An Efficient and Streaming Audio Visual Active Speaker Detection System

TL;DR

This paper introduces a method to limit the number of future context frames utilized by the ASD model, and proposes a more stringent constraint that limits the total number of past frames the model can access during inference, to tackle the persistent memory issues associated with running streaming ASD systems.

Abstract

This paper delves into the challenging task of Active Speaker Detection (ASD), where the system needs to determine in real-time whether a person is speaking or not in a series of video frames. While previous works have made significant strides in improving network architectures and learning effective representations for ASD, a critical gap exists in the exploration of real-time system deployment. Existing models often suffer from high latency and memory usage, rendering them impractical for immediate applications. To bridge this gap, we present two scenarios that address the key challenges posed by real-time constraints. First, we introduce a method to limit the number of future context frames utilized by the ASD model. By doing so, we alleviate the need for processing the entire sequence of future frames before a decision is made, significantly reducing latency. Second, we propose a more stringent constraint that limits the total number of past frames the model can access during inference. This tackles the persistent memory issues associated with running streaming ASD systems. Beyond these theoretical frameworks, we conduct extensive experiments to validate our approach. Our results demonstrate that constrained transformer models can achieve performance comparable to or even better than state-of-the-art recurrent models, such as uni-directional GRUs, with a significantly reduced number of context frames. Moreover, we shed light on the temporal memory requirements of ASD systems, revealing that larger past context has a more profound impact on accuracy than future context. When profiling on a CPU we find that our efficient architecture is memory bound by the amount of past context it can use and that the compute cost is negligible as compared to the memory cost.
Paper Structure (8 sections, 4 equations, 4 figures, 1 table)

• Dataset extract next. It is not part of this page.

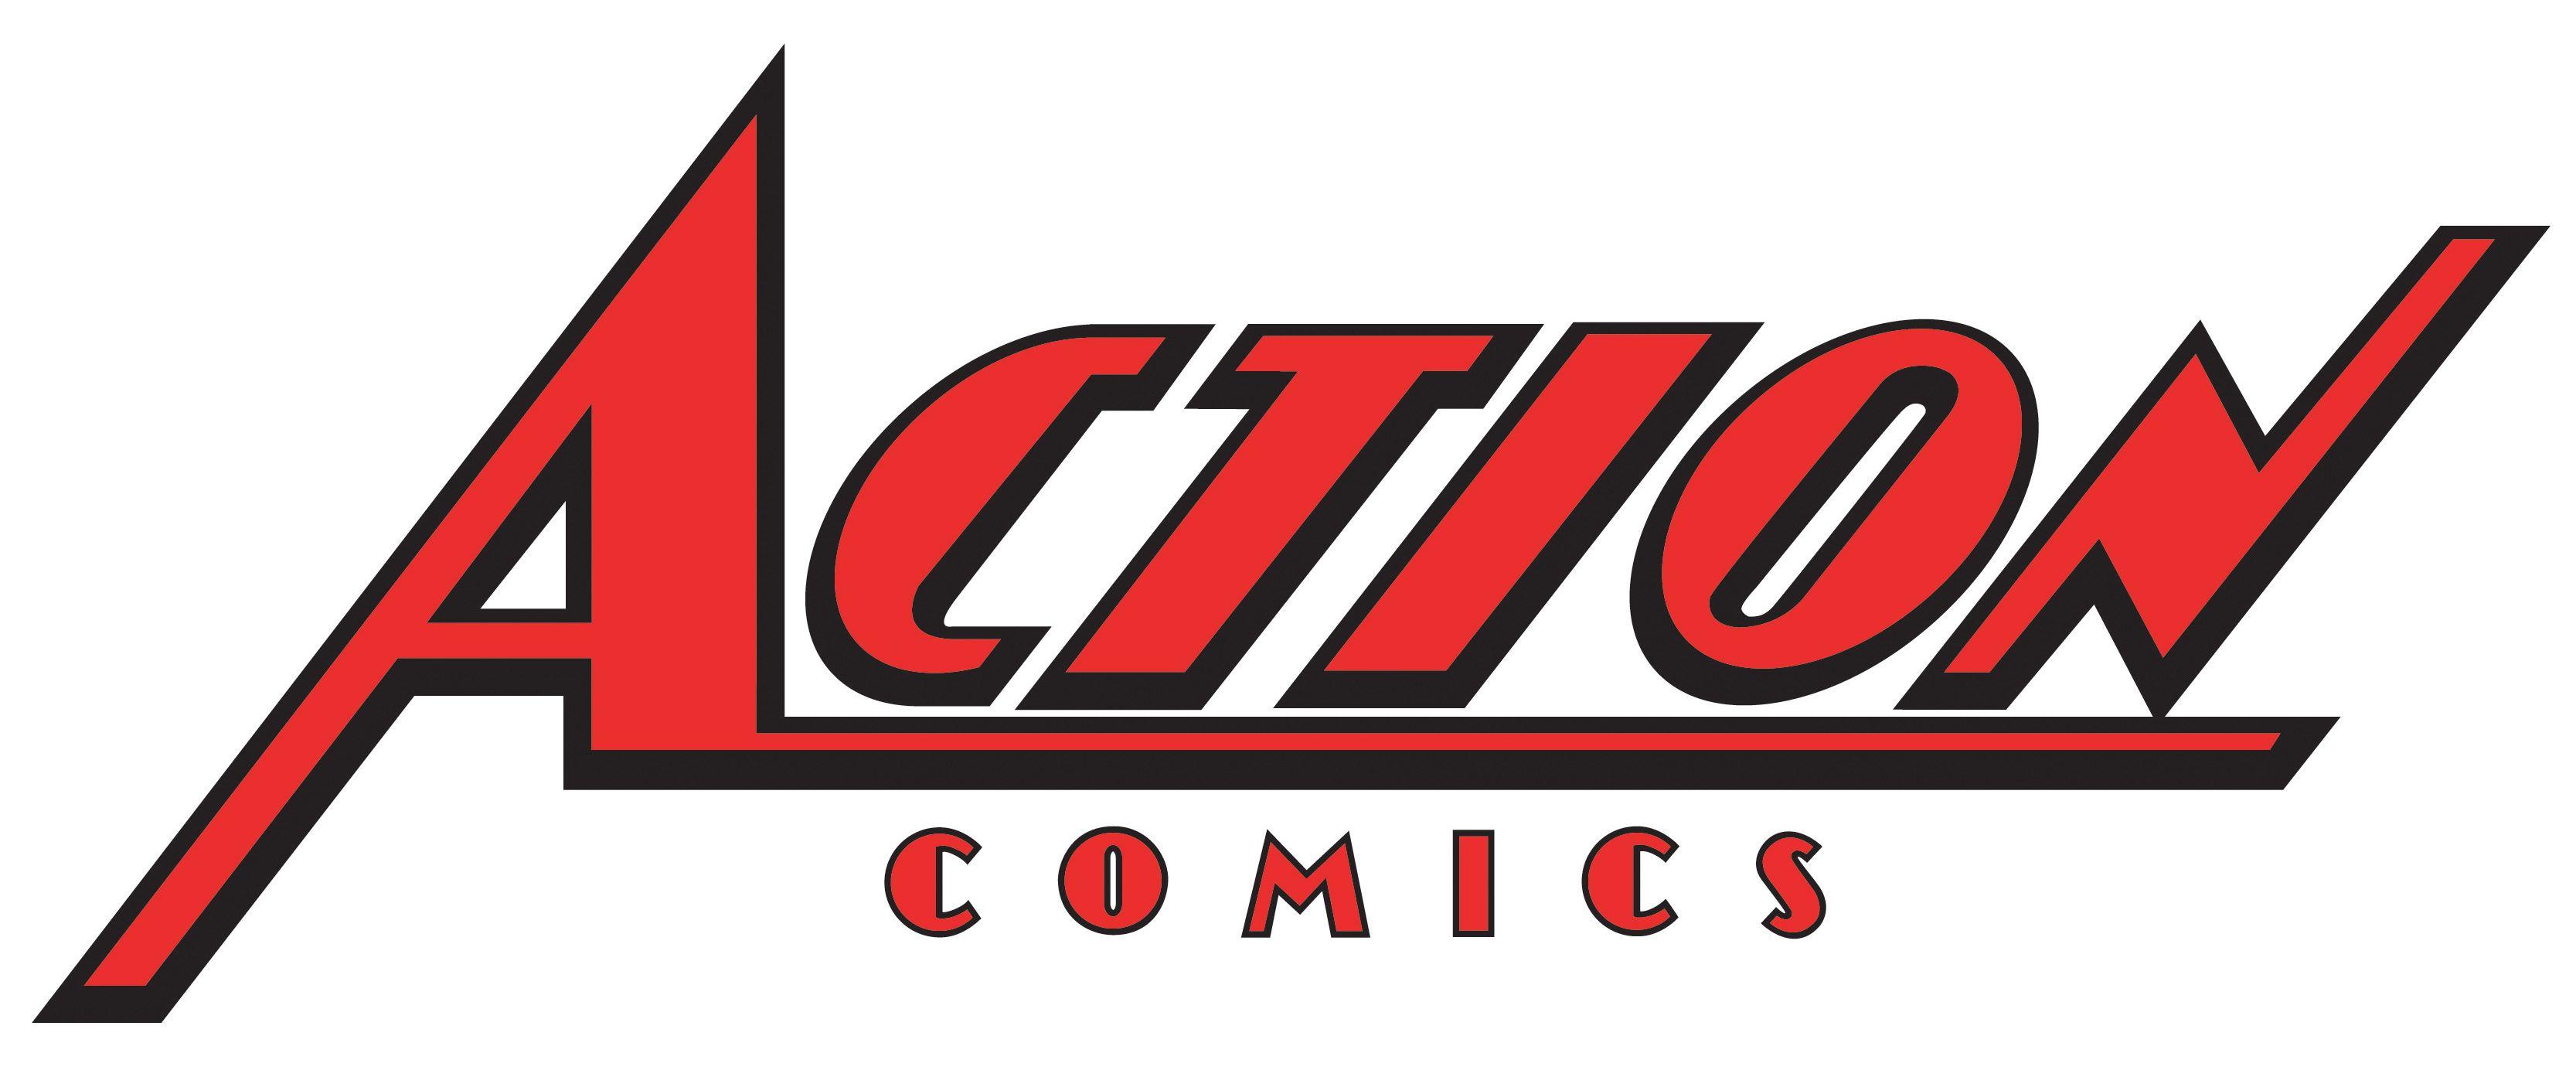 Action Logo - Action Comics by Marianoilustrado on DeviantArt

This paper contains 8 sections, 4 equations, 4 figures, 1 table.

Figures (4)

  • Figure 1: a: Visual Encoder Block (note the padding change in blue), b: Visual / Audio Encoder, c: Full model architecture at train time
  • Figure 2: Constrained mask for transformer encoder to limit the future context used by the model for predicting one label.
  • Figure 3: Constrained mask for transformer encoder to limit the past and future context used by the model for predicting one label.
  • Figure 4: Latency (future context frames) vs memory (past context frames) trade-off on accuracy (mAP%). In this contour plot, the color of each data point (X,Y) indicates the mAP value corresponding to (memory=X, latency=Y). The mAP remains constant along each level curve, with the slope of these curves in different regions revealing which variable exerts greater influence. In areas where level curves are horizontal, future context primarily affects accuracy. Conversely, vertical level curves signify the dominant impact of past context.